◆ Your instructions
Could you give back exactly the lines below from the one with "The image served" through the one with "Two martini glasses", without a single picture?

◆ The data
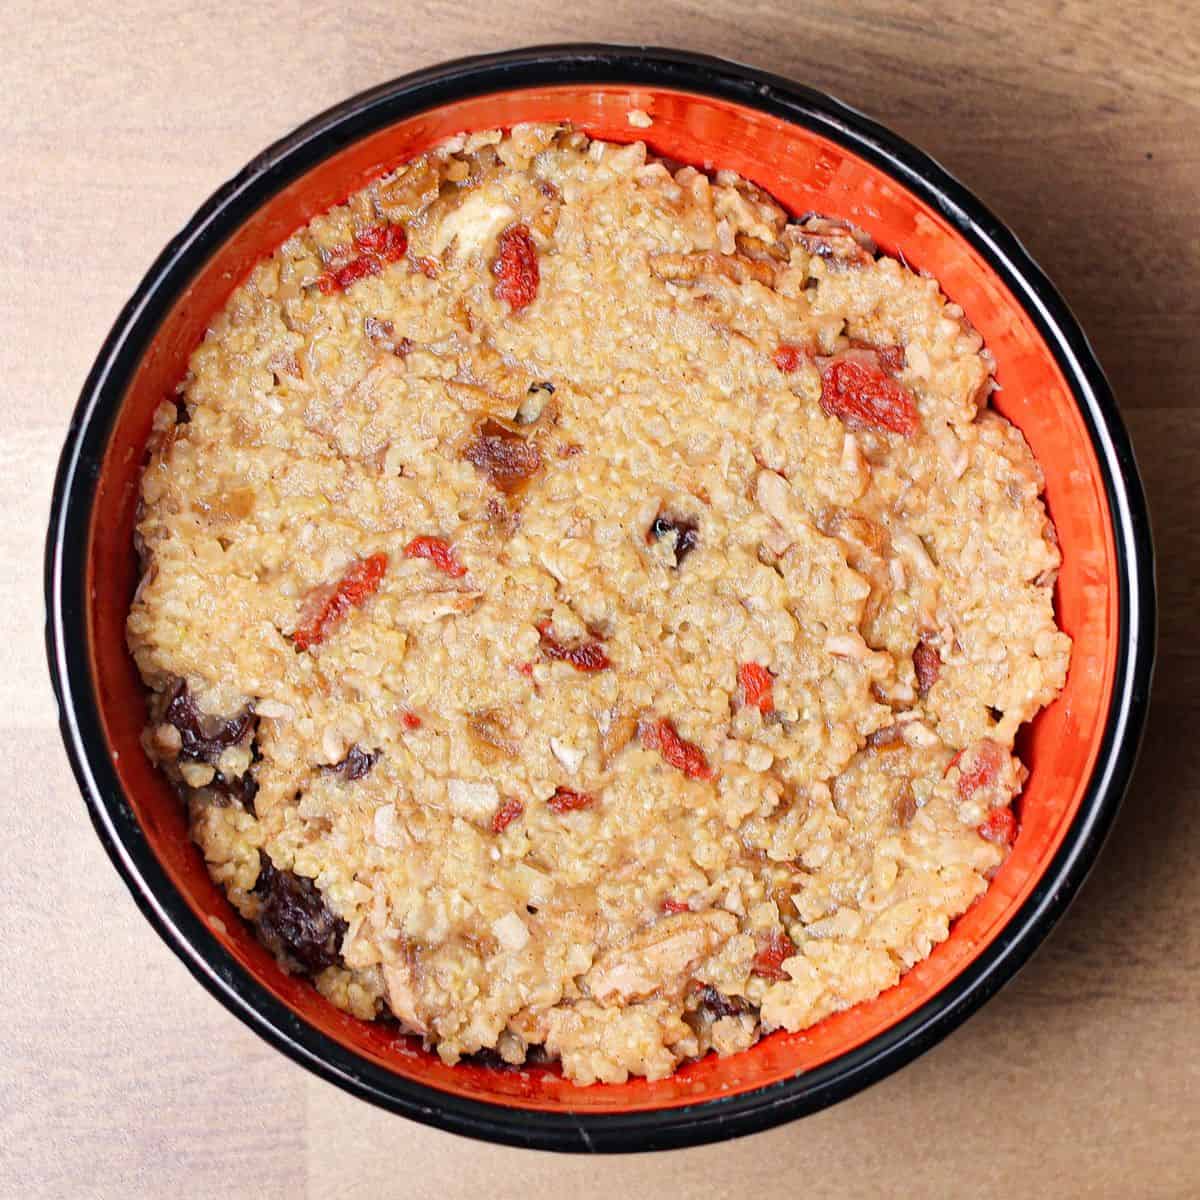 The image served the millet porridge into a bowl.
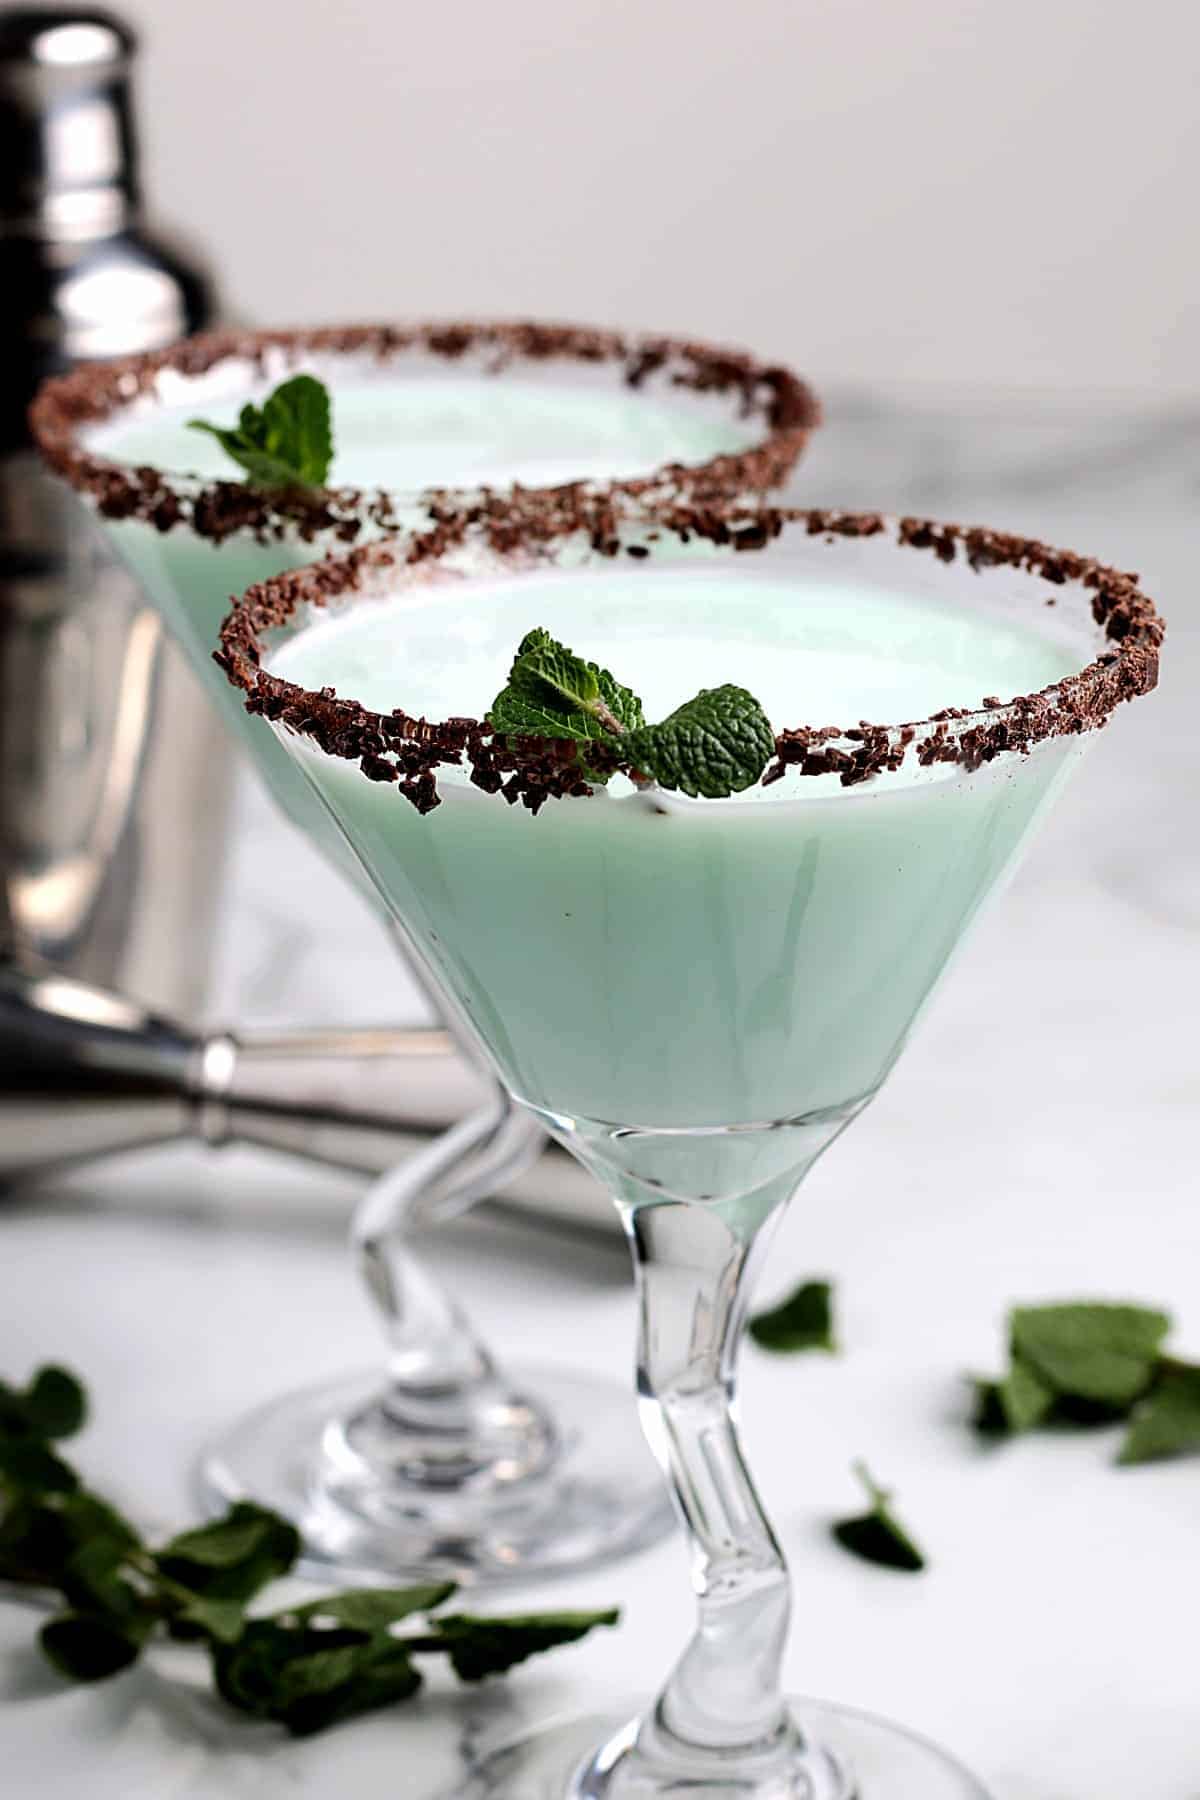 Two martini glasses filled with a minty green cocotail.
* * *
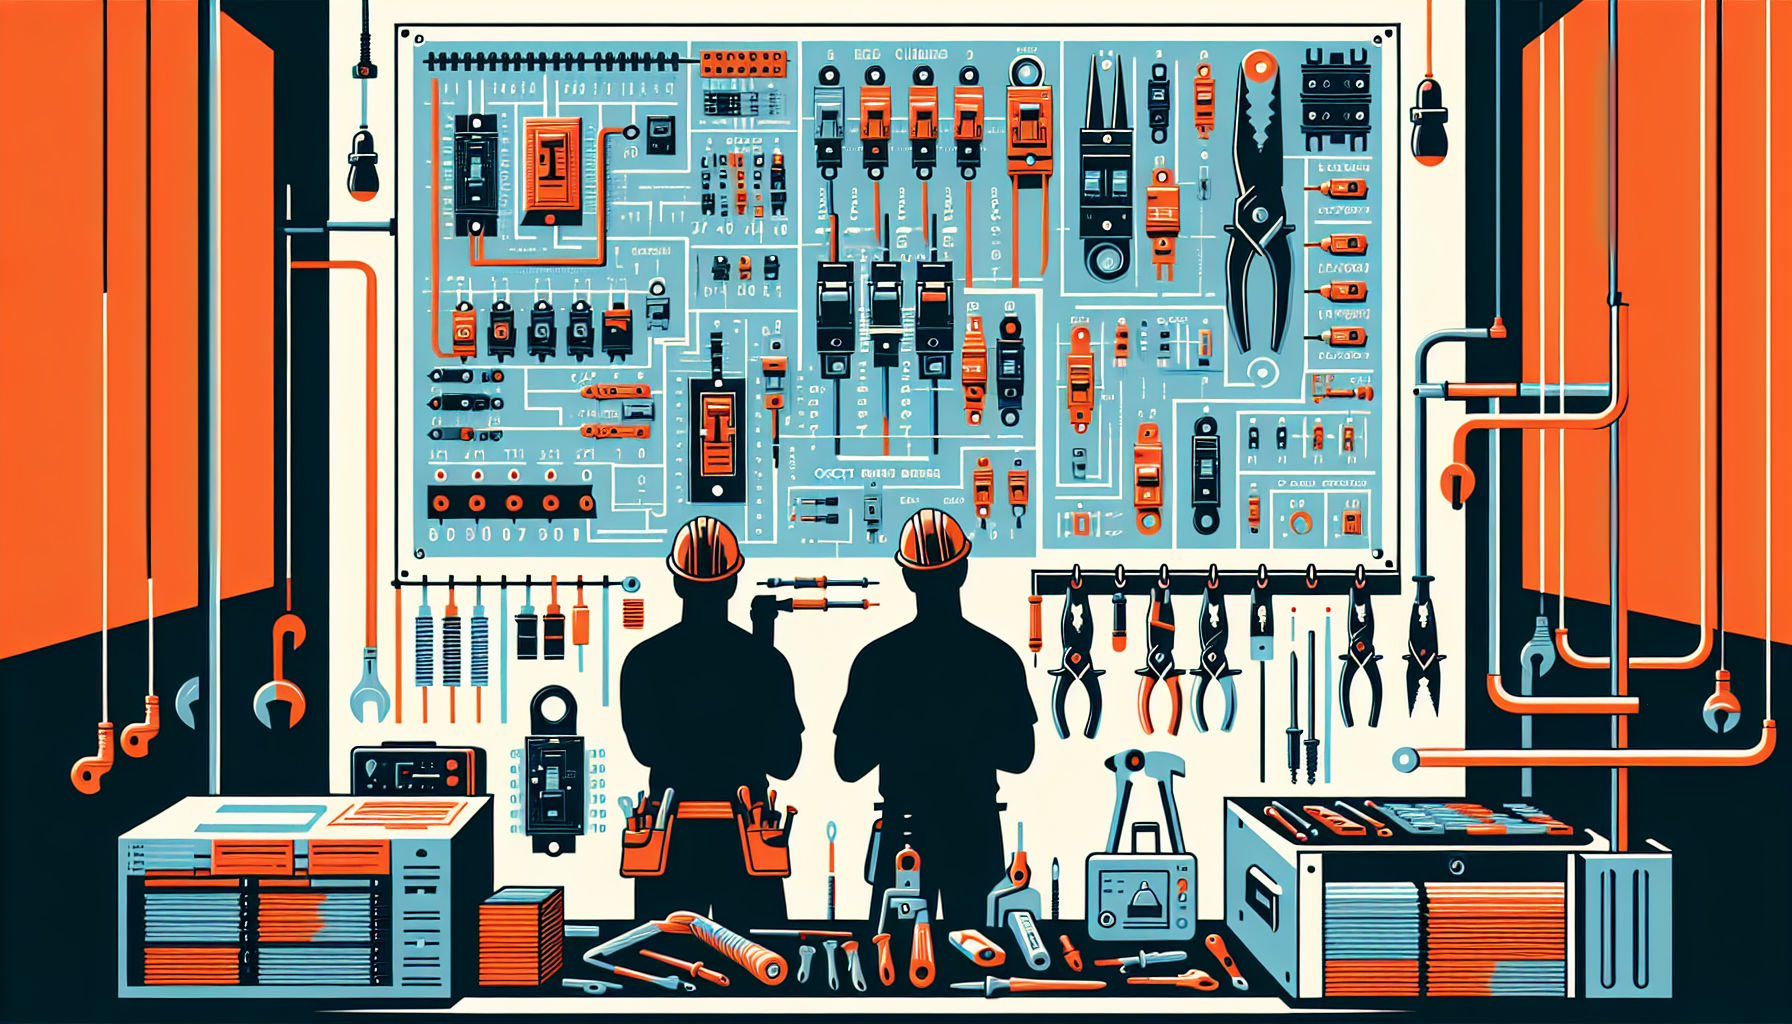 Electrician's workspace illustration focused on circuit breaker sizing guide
* * *
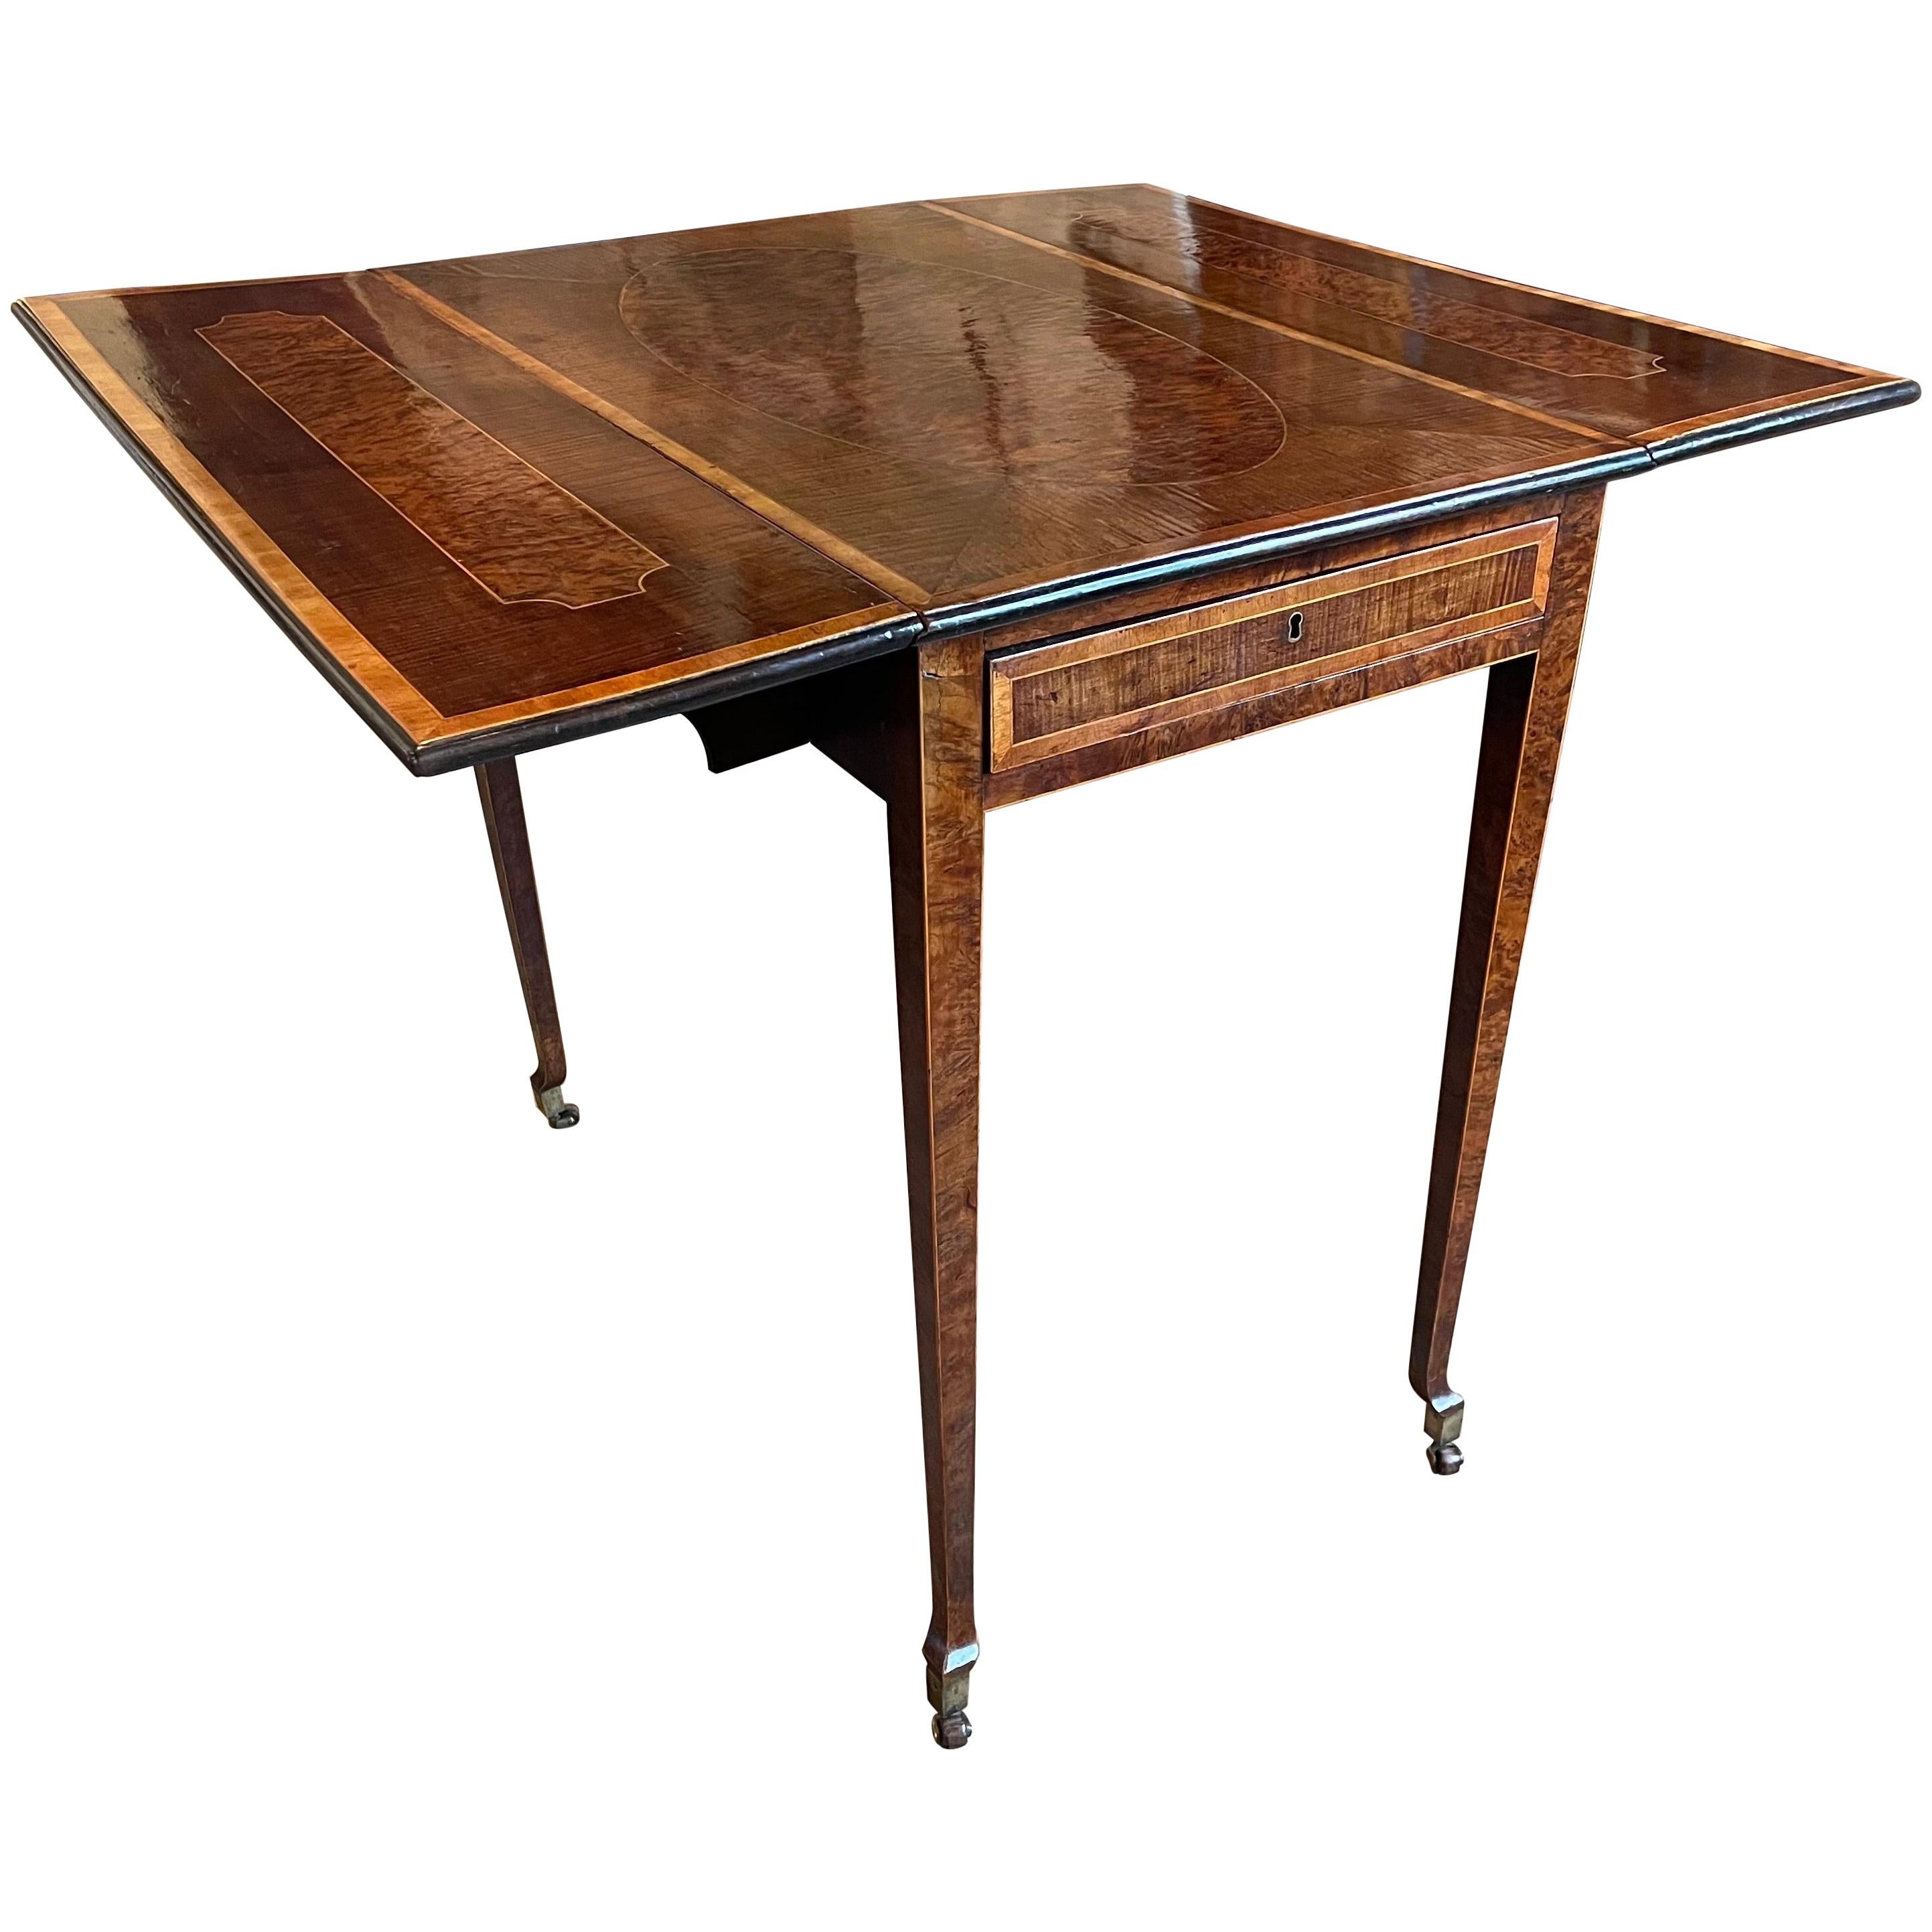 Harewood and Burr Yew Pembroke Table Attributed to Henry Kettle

◆ Solution to the exercise
 The image served the millet porridge into a bowl.
 Two martini glasses filled with a minty green cocotail.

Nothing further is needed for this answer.